- **WORK INSTRUCTION**
Somewhere below, one line contains "Estuche Fender Ombre" and a later line contains "Galería: Lexus Presenta". Output those two lines and everything between them exactly, and nothing else.

##### STORED DATA

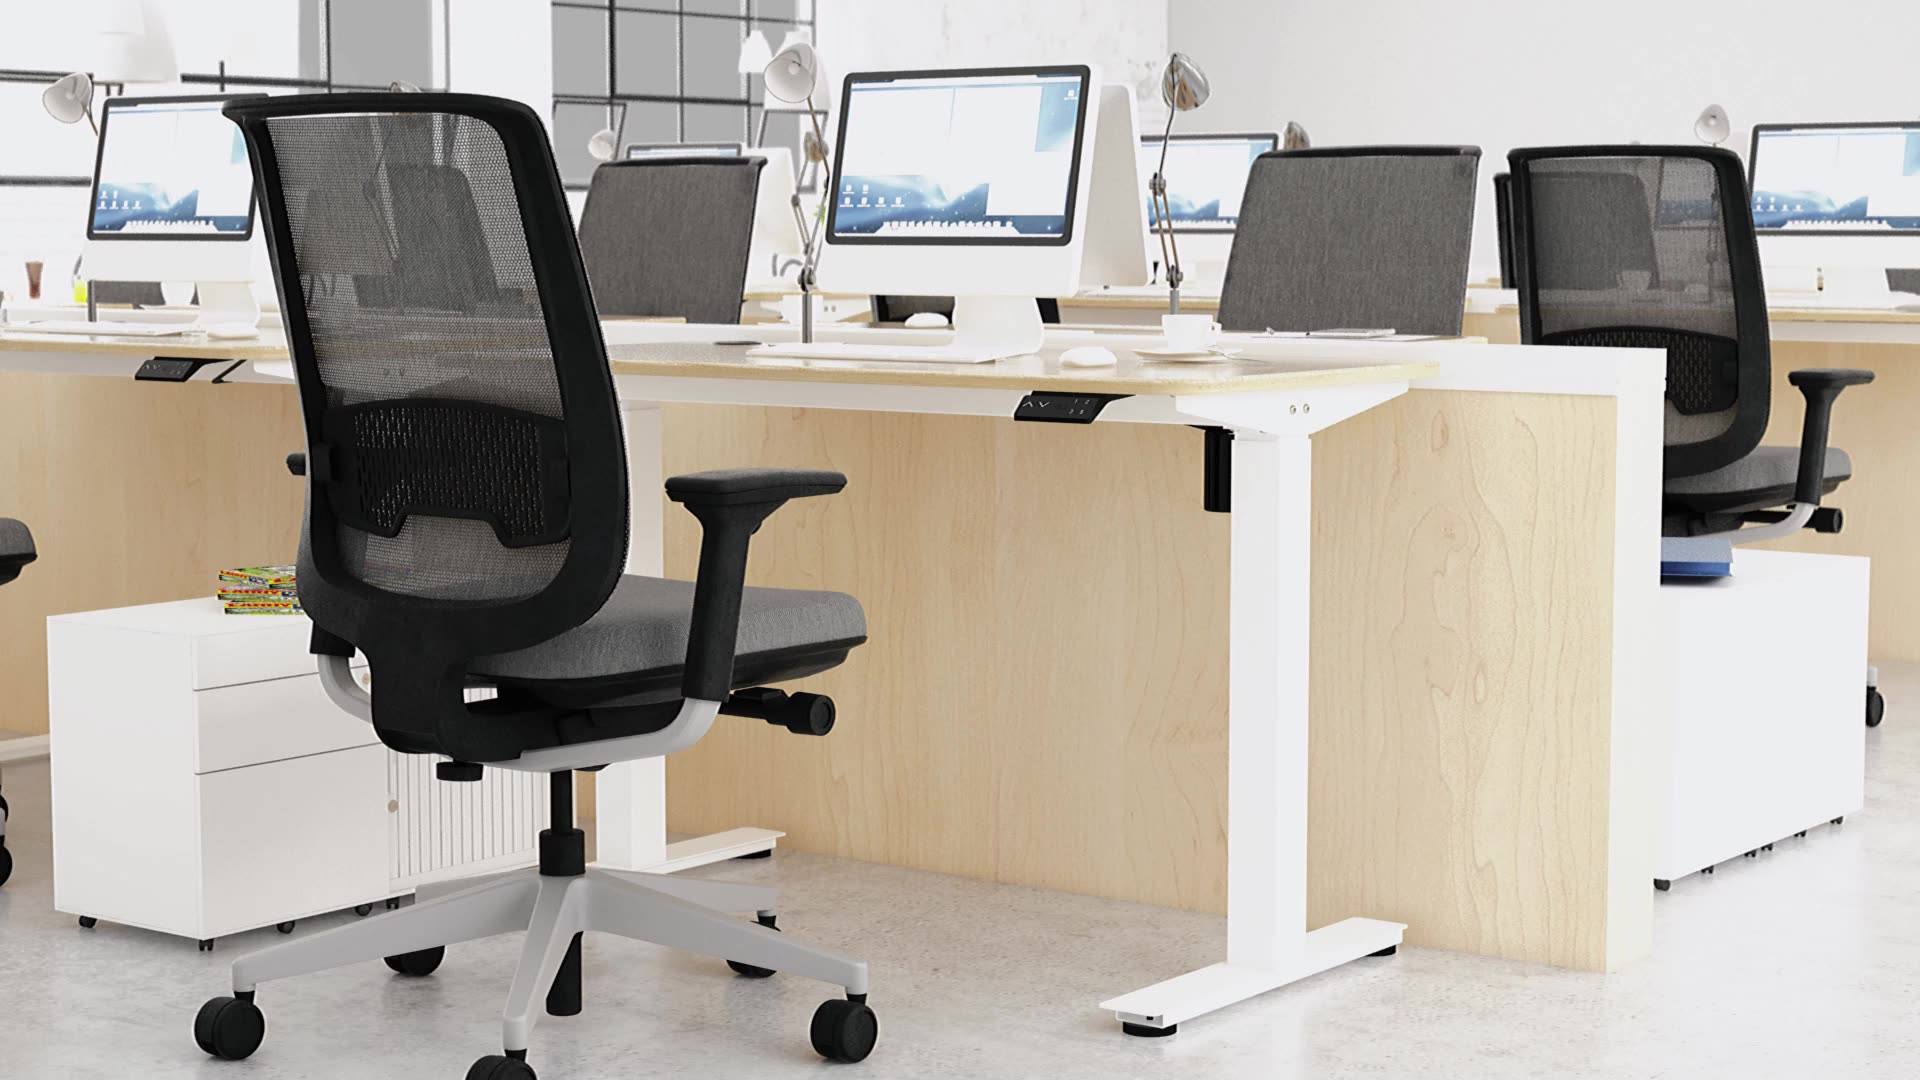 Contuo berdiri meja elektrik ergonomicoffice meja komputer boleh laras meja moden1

##########
##### STORED DATA

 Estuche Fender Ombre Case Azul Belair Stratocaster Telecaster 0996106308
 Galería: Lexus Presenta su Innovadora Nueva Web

##########
##### STORED DATA

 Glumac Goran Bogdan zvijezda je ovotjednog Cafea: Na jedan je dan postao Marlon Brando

##########

- **ANSWER BOX**
 Estuche Fender Ombre Case Azul Belair Stratocaster Telecaster 0996106308
 Galería: Lexus Presenta su Innovadora Nueva Web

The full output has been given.